On a large map, residents posted stickers on areas that deserve special attention. A green dot welcomed changes and a red dot requested preservation.

"Put a huge sticker on Newtown," Faye Bush, executive director of the Newtown Florist Club, said with a laugh to one of the consultants.

Throughout the morning, residents placed green dots at the midtown area, Lakeshore Mall and the intersection of Jesse Jewell and E.E. Butler parkways. They stuck red dots on the downtown square and Gainesville High School.

"Here on (Ga.) 369, there's terrible traffic where three lanes move into one lane," John Snyder, a Gainesville planning board member, told a consultant while tracing his finger along the map. "That's something we're talking to (the Department of Transportation) about, but let's put a green sticker there."

The comprehensive planning process is meant to be a community-based project. Consultants handed out comment cards for specific suggestions.

"It's crucially important to do this planning process because nobody knows Gainesville better than the people who live here," said John O'Sullivan, a Gainesville resident of 10 years. "I'd like to see some development in Gainesville similar to Hilton Head in terms of protecting the trees and having some smart-looking signs."

The city should protect green space, create more bike trails and provide public access points to Lake Lanier, he said.

"The lake is our biggest, most beautiful asset, and we need to use that," said O'Sullivan, who filled out several comment cards. "We can have progressive business and protect the environment, and we absolutely need to do both."

A few cards asked for improved development and more housing in the midtown area, a trolley system from the lake to downtown, preservation of historic buildings and 24-hour activities in the downtown area.

Others discussed the perception of crime and gang activity around College Avenue and the need for a northern connector between Thompson Bridge Road and Dawsonville Highway.

"Gainesville is the heart of Hall County, and a healthy Gainesville means a healthy Hall County," Hall Commissioner Craig Lutz said. "I've been concerned that South Hall residents look to Gwinnett County for entertainment, retail and shopping. There are some assets here that need to be redeveloped."

This includes the Lakeshore Mall area and transportation along Ga. 365 and Interstate 985, he said.

"We need a regional shopping center, and we could do a better job of keeping retail in the county to help entertainment and dining," Lutz said. "For many residents, especially in South Hall, the mall area is not as easily accessible."

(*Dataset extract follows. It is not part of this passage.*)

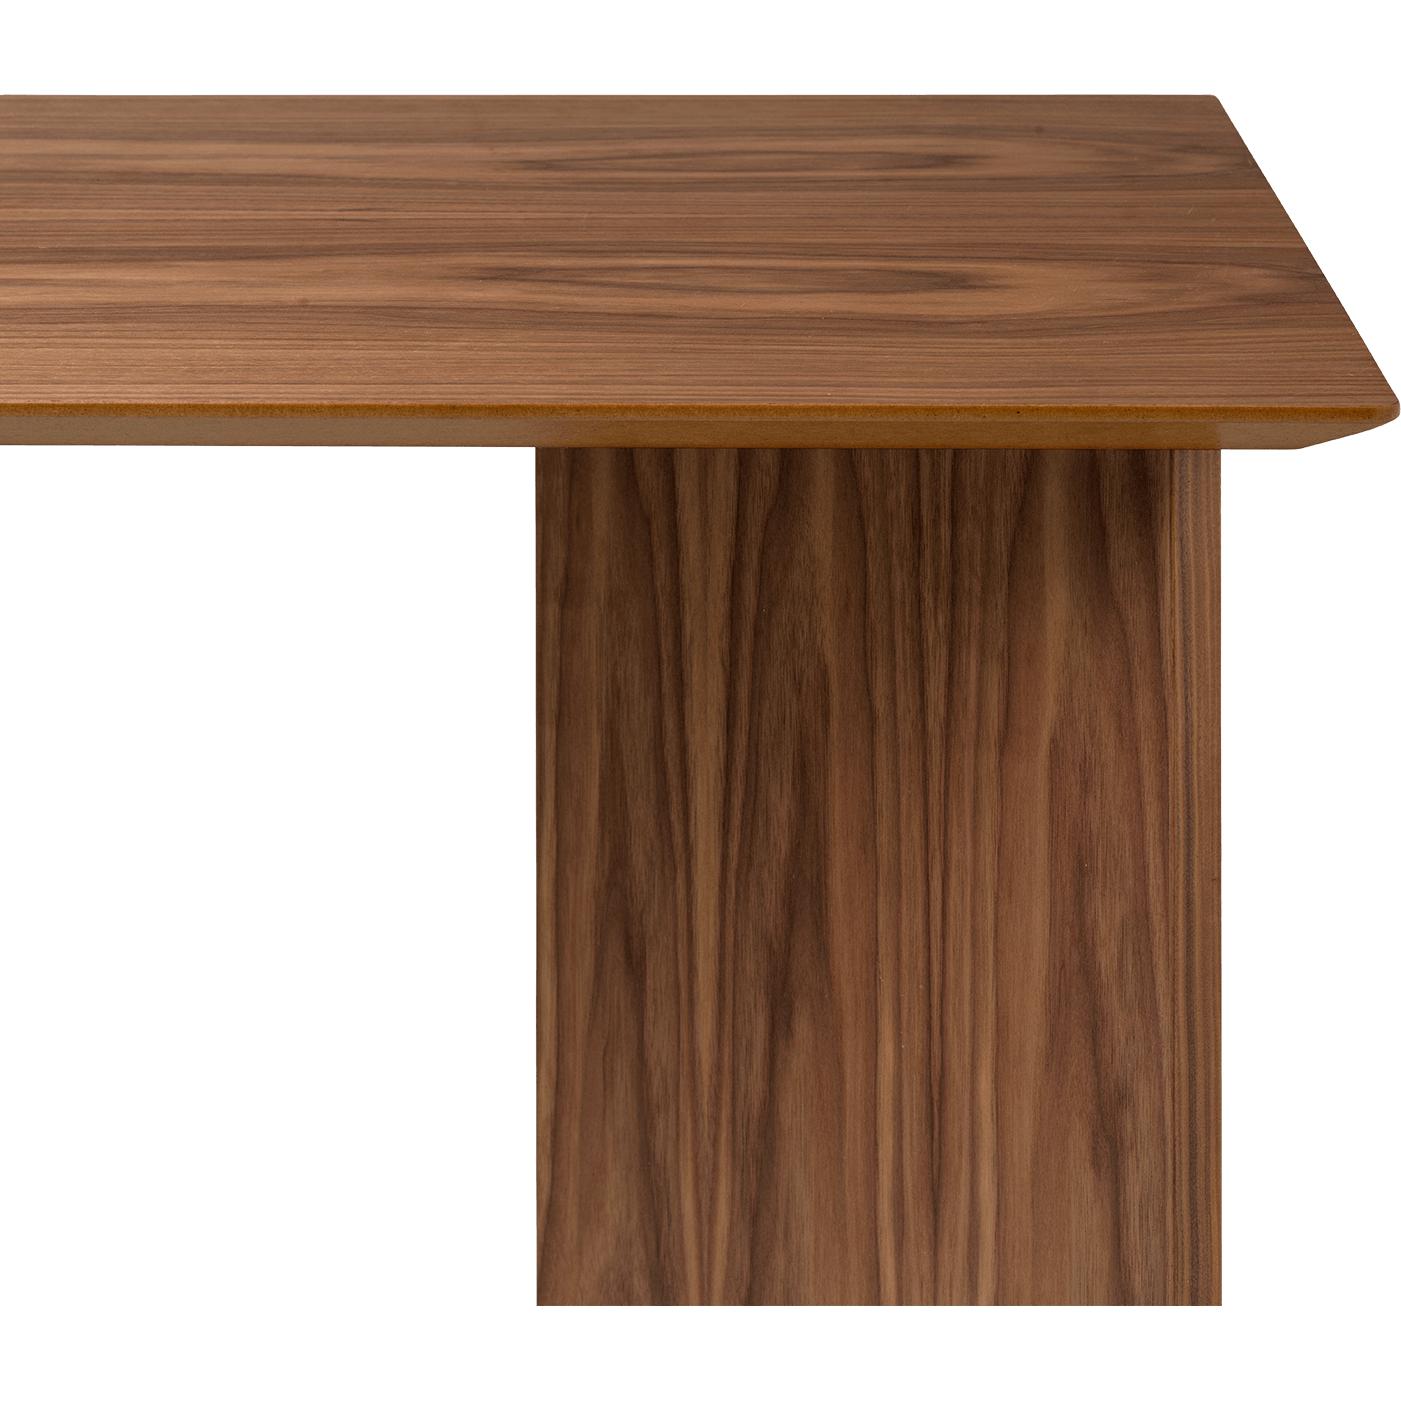 Ferm Living Mingle Table Top Nalnut, 210 cm
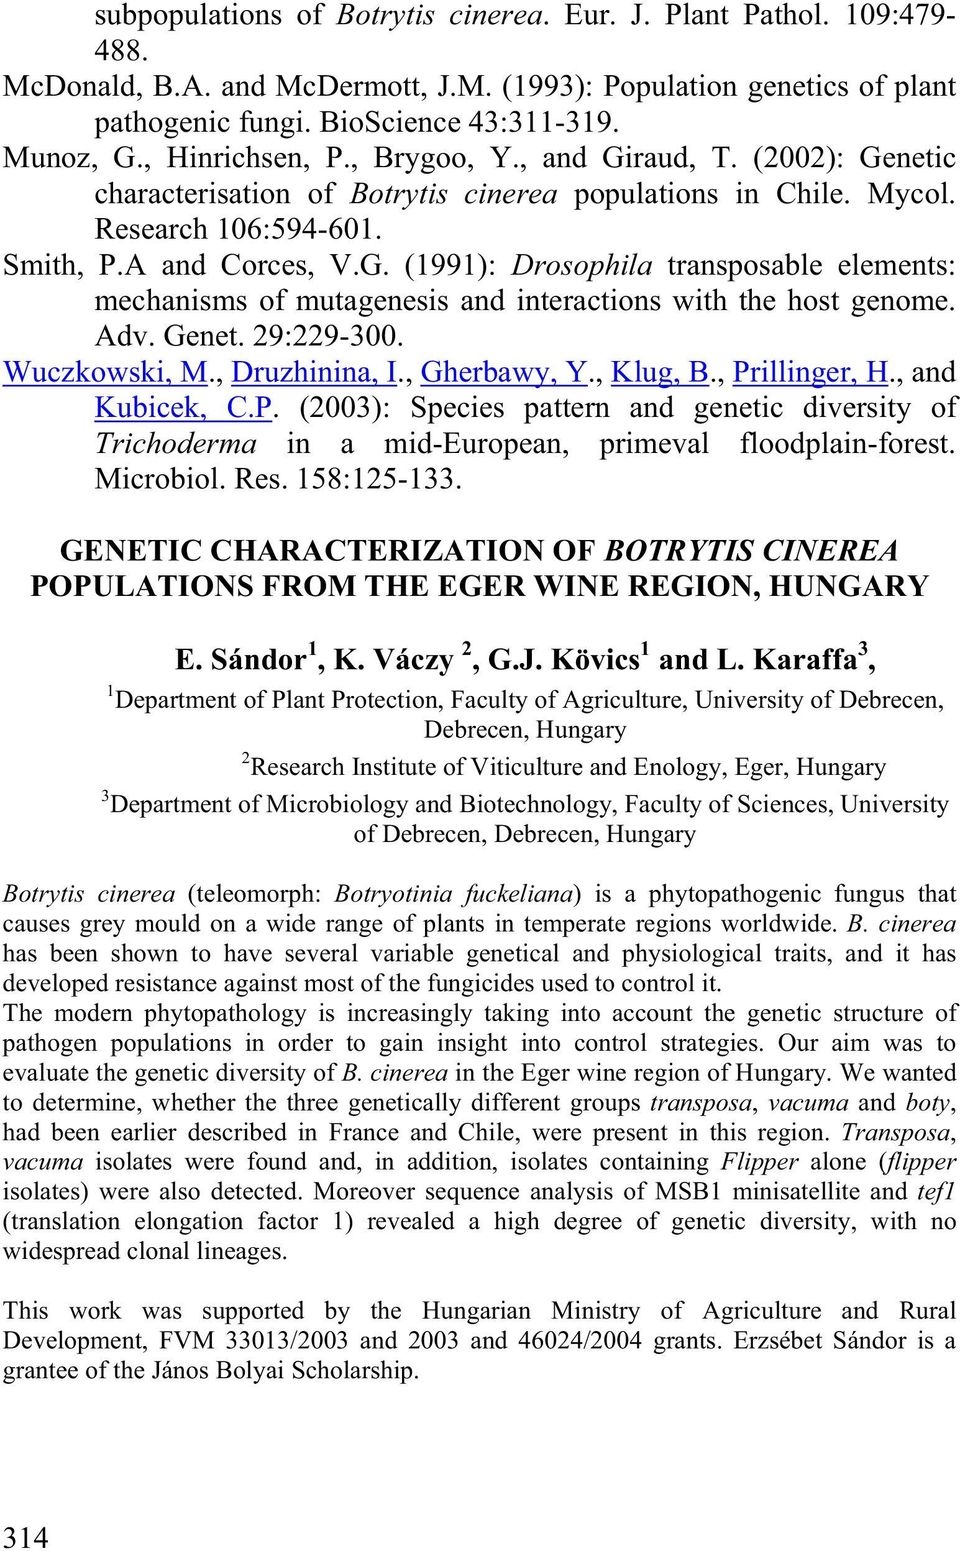 Adv. Genet. 29:229-300. Wuczkowski, M., Druzhinina, I., Gherbawy, Y., Klug, B., Prillinger, H., and Kubicek, C.P. (2003): Species pattern and genetic diversity of Trichoderma in a mid-european, primeval floodplain-forest.

The staff will host three workshops this year to garner public feedback on specific areas in Gainesville. A July 14 meeting will focus on the gateway corridors and roads that lead into the city.

An Aug. 11 hearing will look at the "central core" of the city, including the downtown, midtown, Fair Street and Bradford Street areas.

A final focus Sept. 8 will pinpoint commercial opportunities along Atlanta Highway, Browns Bridge Road and Lakeshore Mall.

The plan will also incorporate Vision 2014 from Gainesville Parks and Recreation, Vision 2030 from the Greater Hall Chamber of Commerce and the 2040 Metropolitan Transportation Plan by the Gainesville-Hall Metropolitan Planning Organization.

"I came to see if I could find out what people are interested in, and I like what I hear so far," Councilman George Wangemann said. "This is a long process, and I hope it will include anybody who wants to be included. I would hate to see a few people make all of the decisions."

Wangemann wants to focus on retail opportunities around the city, and he expressed concerns about dilapidated housing in some of Gainesville's neighborhoods.

"I hope there is some way to improve that and give incentives to people who own homes and can bring them up to where they should be," he said. "There are some redevelopment opportunities, but we also need to work on keeping our neighborhoods intact by being creative in figuring out how to improve homes."